Akaike information criterion, AIC. Akaike information criterion (AIC) is an information-based model-selection criterion. It is given by the formula -2 x log likelihood + 2k, where k is the number of parameters. AIC favors simpler models by penalizing for the number of model parameters. It does not, however, account for the sample size. As a result, the AIC penalization diminishes as the sample size increases, as does its ability to guard against overparameterization.

batch means. Batch means are means obtained from batches of sample values of equal size. Batch means provide an alternative method for estimating MCMC standard errors (MCSE). The batch size is usually chosen to minimize the correlation between different batches of means.

Bayes factor. Bayes factor is given by the ratio of the marginal likelihoods of two models, M_1 and M_2. It is a widely used criterion for Bayesian model comparison.
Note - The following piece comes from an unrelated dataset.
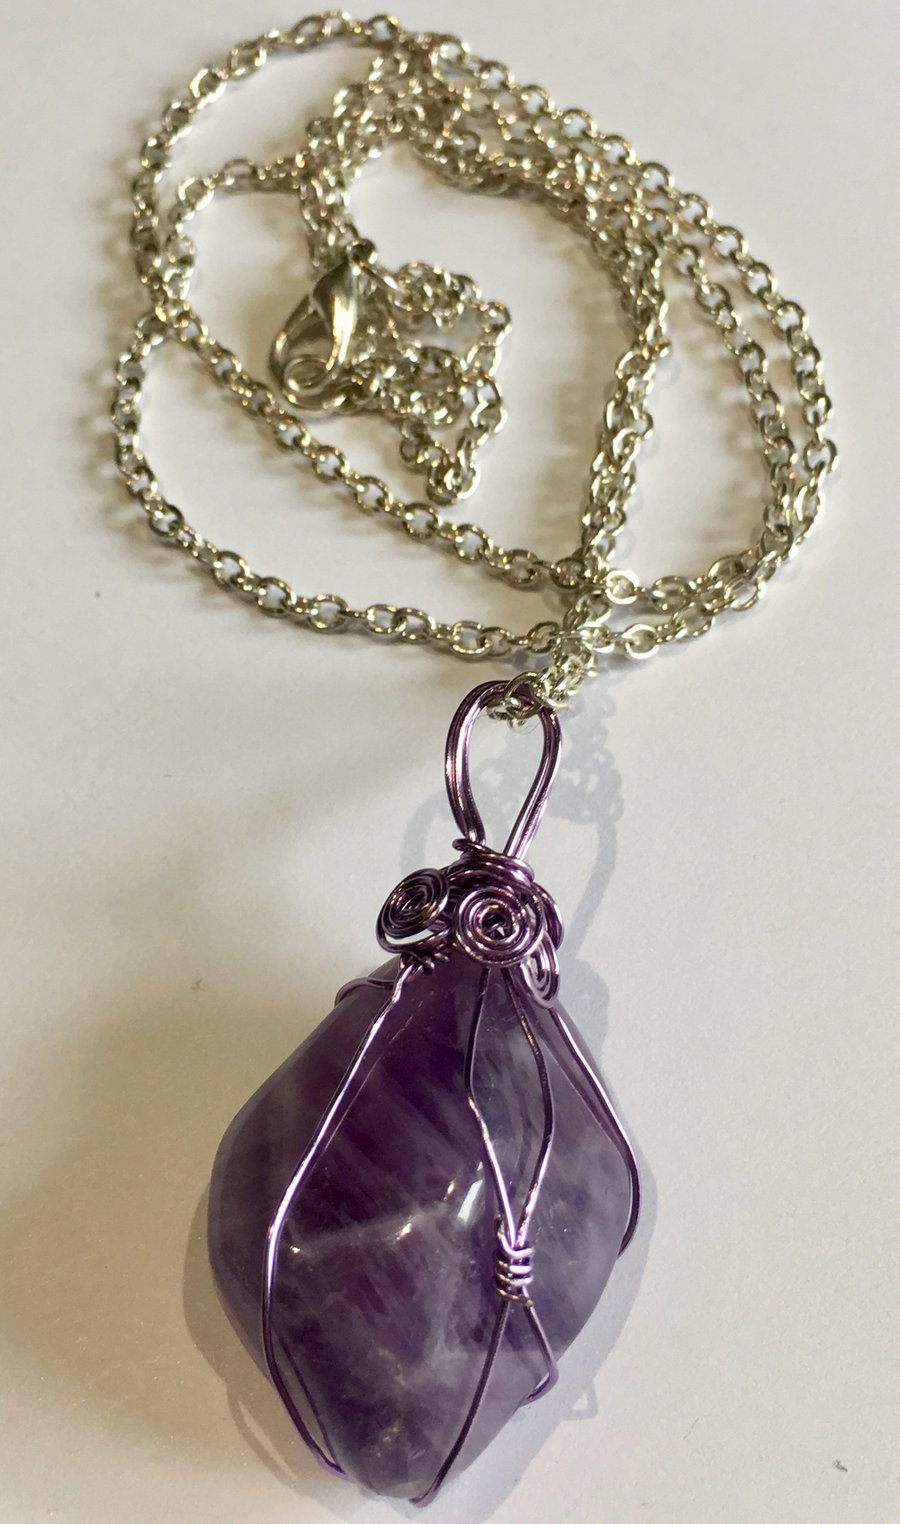 Amethyst Pendant encased in wire cage

Bayes factor is used in calculating the posterior odds ratio of model M_1 versus M_2,

P(M_1|y)/P(M_2|y) = P(y|M_1)/P(y|M_2) P(M_1)/P(M_2)
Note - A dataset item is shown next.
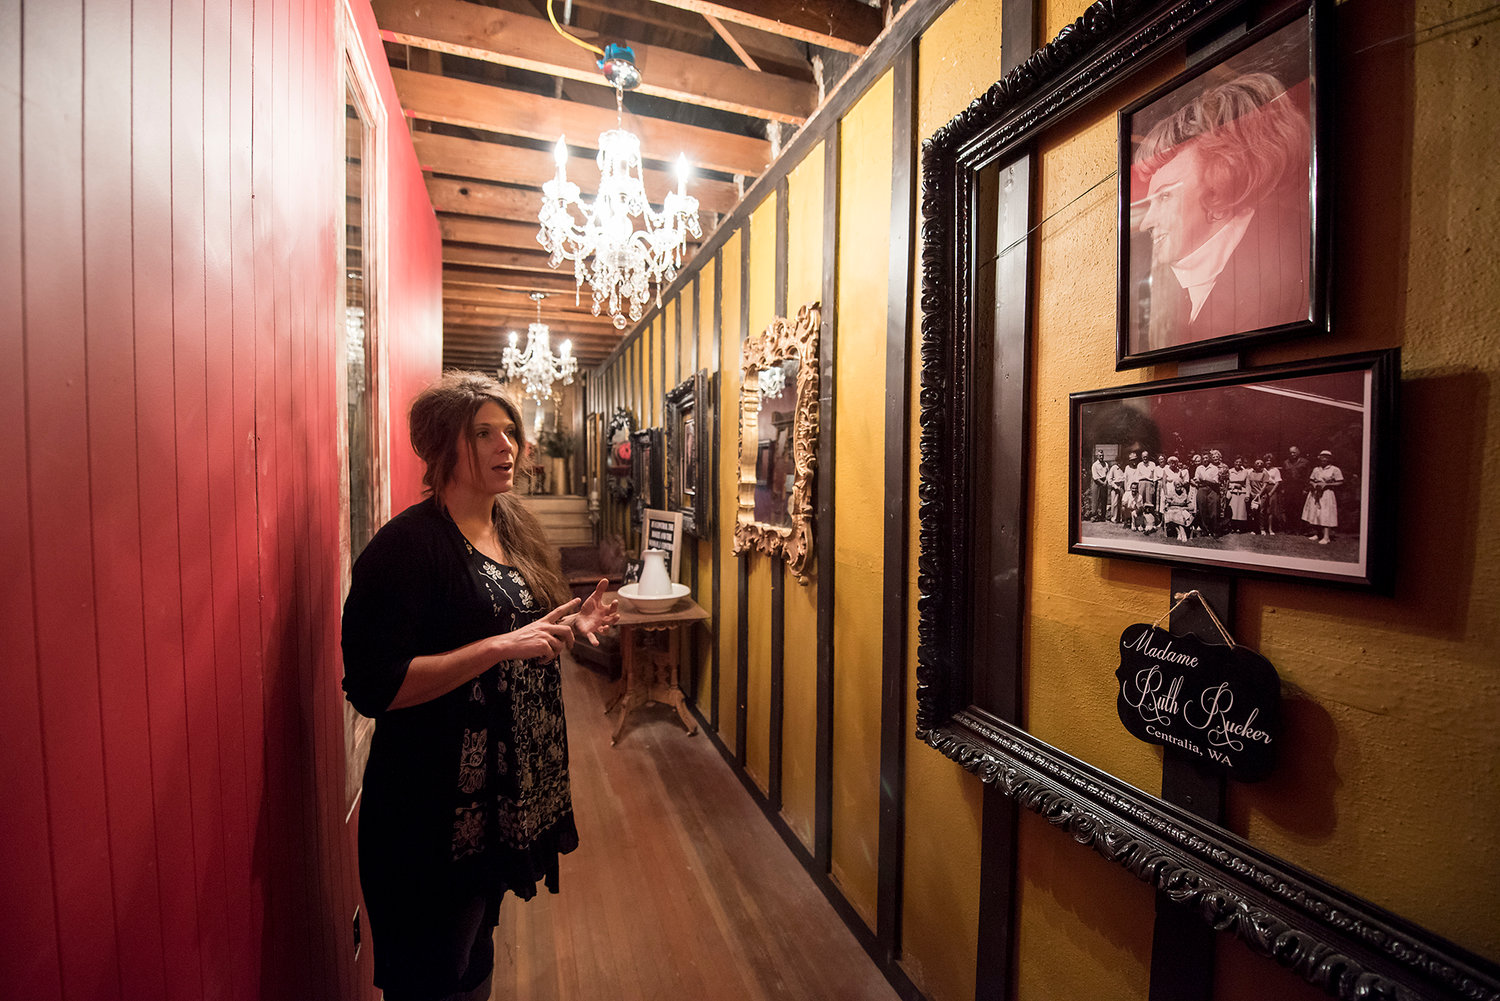 FILE PHOTO — Holly Phelps, owner of the Shady Lady in downtown Centralia, stands in the narrow hallway adorned with pictures of Madame Ruth Rucker, who ran a brothel in Centralia in the early 20th century, while giving a tour of her new Bordello Museum.

where P(M_i|y) is a posterior probability of model M_i, and P(M_i) is a prior probability of model M_i. When the two models are equally likely, that is, when P(M_1) = P(M_2), the Bayes factor equals the posterior odds ratio of the two models.

Bayes's theorem. The Bayes's theorem is a formal method for relating conditional probability statements. For two (random) events X and Y, the Bayes's theorem states that

P(X|Y) propto P(Y|X) P(X)

that is, the probability of X conditional on Y is proportional to the probability of X and the probability of Y conditional on X. In Bayesian analysis, the Bayes's theorem is used for combining prior information about model parameters and evidence from the observed data to form the posterior distribution.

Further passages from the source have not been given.